Using the field mapping control

When merging several input datasets into a single output dataset, the field structure and contents are a consideration. Each input dataset will contain fields that also exist in other input datasets, as well as fields that are unique to only that dataset. How these fields are managed determines the field structure and content in the output dataset. The Field Mapping control allows you to define this output dataset field structure.

All input dataset fields will be mapped to the output dataset. When there is field duplication (based solely on name) between all the inputs, the output dataset field will be a combination of each occurrence. All unique input dataset fields (those not found in other input datasets) are also mapped to the output dataset.

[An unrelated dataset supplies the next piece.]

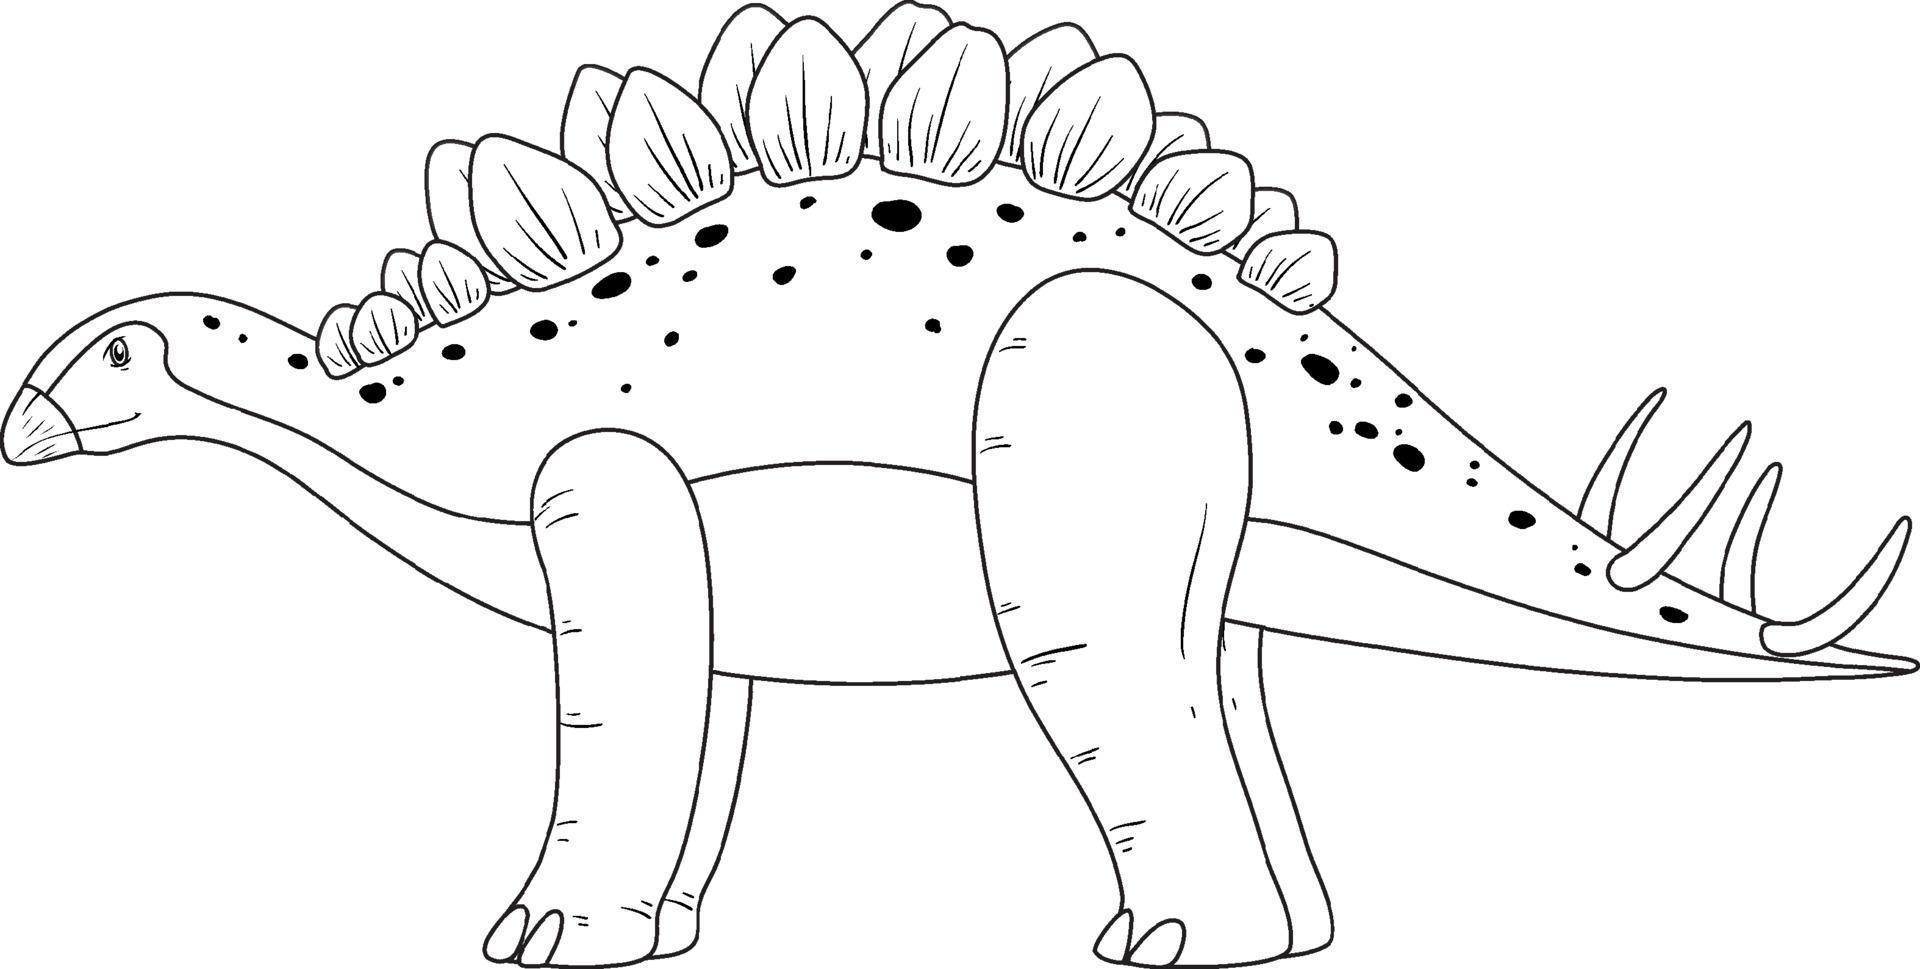 contorno de doodle de dinossauro estegossauro no fundo branco vetor

It is possible for a field map's subfields to be of varying data types. In this case, the output field's data type is set to the data type of the first input dataset, and all other subfields are cast to this type. For example, the first input field is text, and the second input field (of the same name) is double. The output data type will be text, and the values in the second input field will be converted to this type. There may be instances when conversion is not possible, and errors will be raised during execution that state where the problem is. For instance, a BLOB field can't be converted to any data type other than BLOB. Also, an alphanumeric field would have to be truncated (start point and end point stated) to remove the alphabetic portion of its values if the field is to be converted as numeric type.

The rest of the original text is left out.